Unable to resist, Jamie got dressed and slipped out into the night, sketchbook under his arm. The city was quieter now, and he moved through it like a shadow, heading for the only place that ever felt real to him—the old park with its cracked fountain.

When he arrived, he wasn't surprised to see Elias already there, perched on the rim, eyes distant. Jamie offered a lopsided grin and sat beside him without a word.

He pulled a page from his sketchbook and handed it over. "You ever get the feeling we're just waiting for something to start?"

Elias studied the lines—spirals, feathers, a door in shadow. "Yeah," he said softly. "I do."

Jamie pointed to the corner of the drawing. "See that?"

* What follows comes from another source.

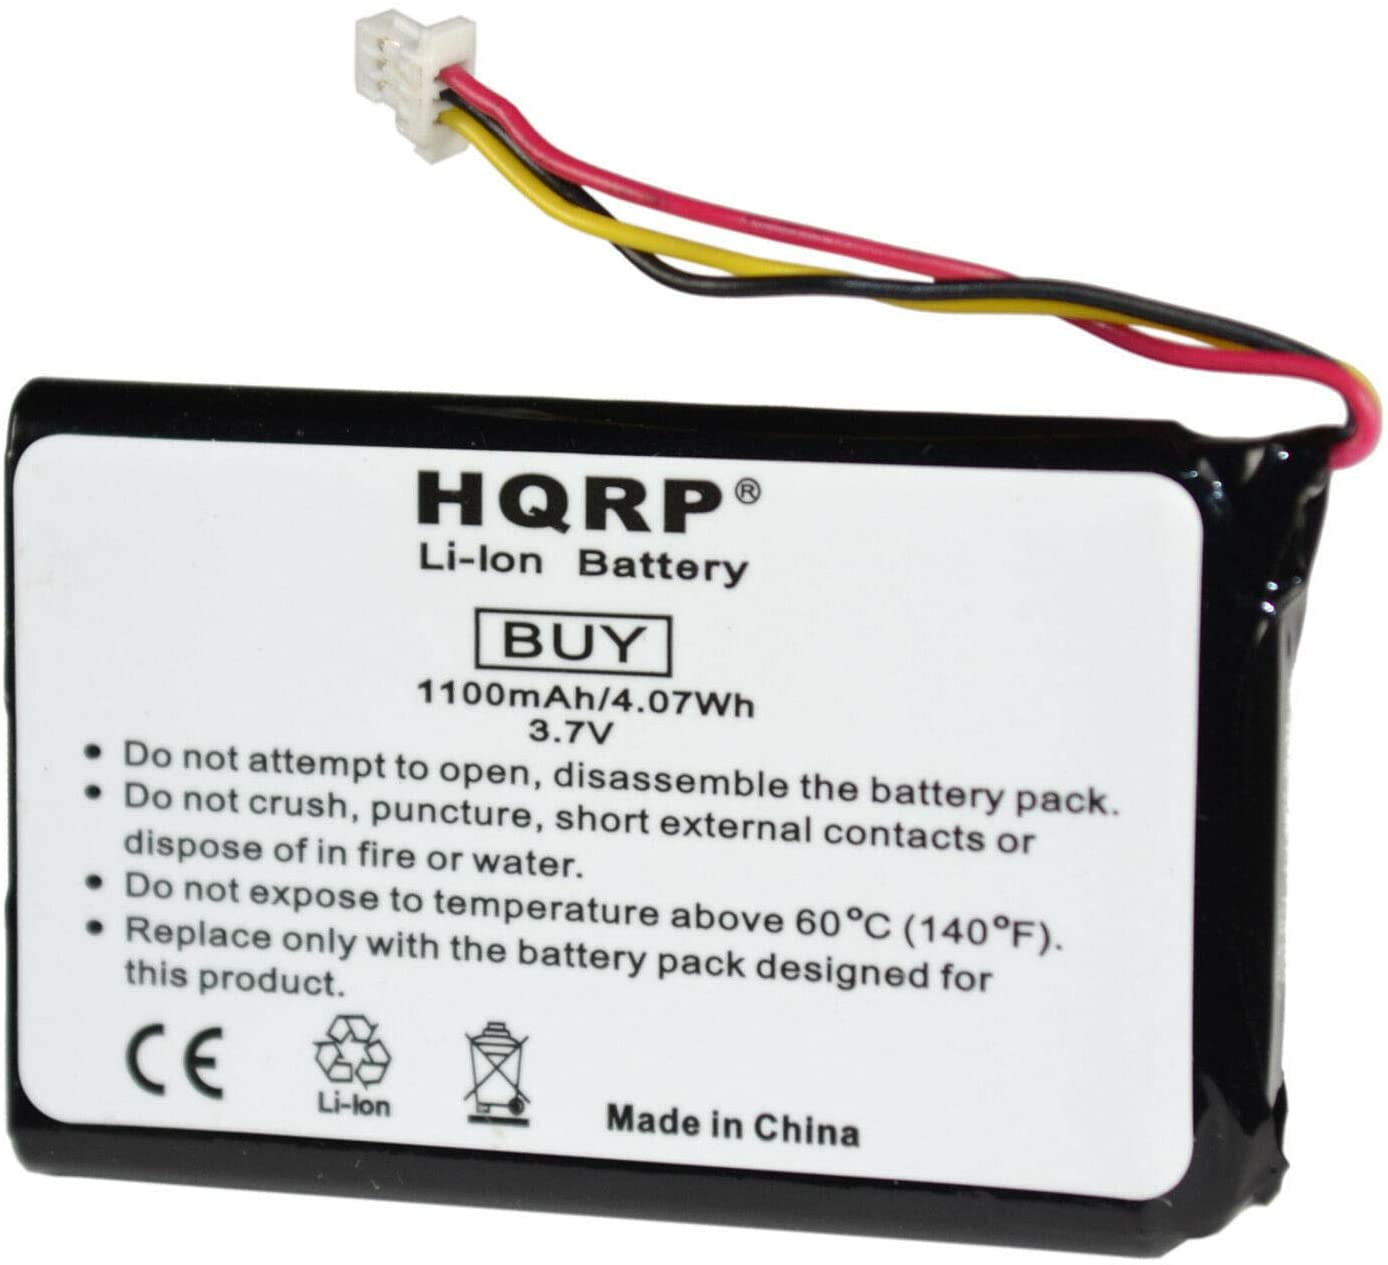 HQRP 2200mAh Battery for X-Rite 500 504 508 518 520 528 530 Spectrodensitometer 
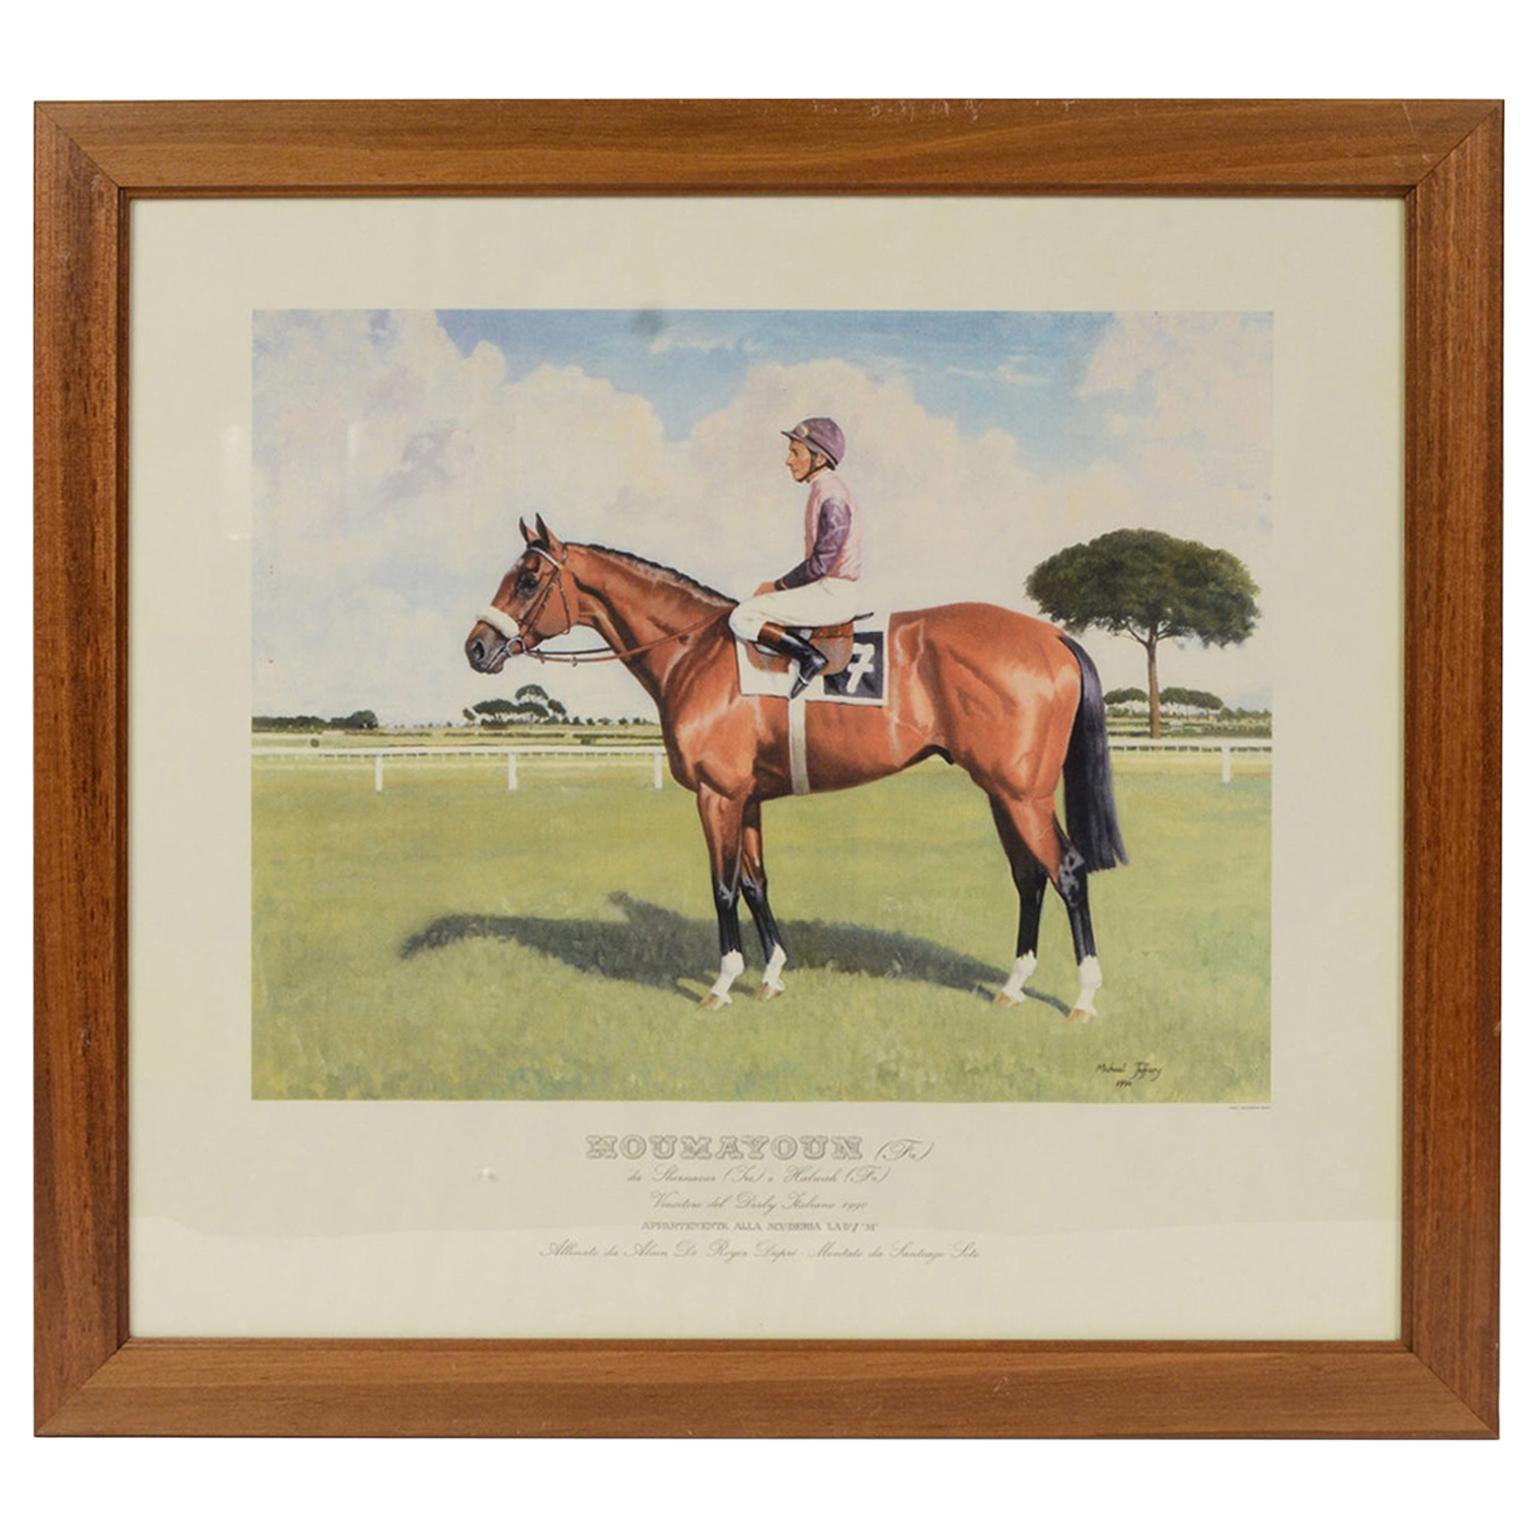 Lithograph Depicting the Horse Winner of the 1990 Italian Derby For Sale

There, barely visible, was a third shape—half-formed, as if the paper itself was uncertain whether it belonged. Elias touched the spot and felt the same electric chill he'd felt in his apartment.

Before either could say more, a feather drifted down from above, pale and glimmering in the moonlight. Elias reached out, catching it. It pulsed, faintly alive in his palm.

They sat in silence, watching the fountain, knowing neither could explain what was happening—but also that they weren't alone.

---

On the rooftop above, Mira watched them, unseen. She had been patient for years, moving between shadows, forbidden to interfere—but tonight, the Veil was thinning. The boy, Elias, shimmered with possibility, his energy singing to something old and hidden within her. Jamie's presence steadied the thread, a bridge neither of them understood yet.

She traced a sigil in the air, invisible to all but those who could see beyond. "Guide him, Jamie," she whispered. "No one should face the unknown alone."

A distant siren broke the spell. Mira faded into the mist, her watchful gaze lingering on the boys below. The world's rhythm had shifted. What was begun could no longer be undone.

---

As the night deepened, Elias, Jamie, and the shadowy figure on the roof were drawn together by forces none of them could name.

And somewhere beyond the city, the Veil rippled—waiting for someone brave enough to step through.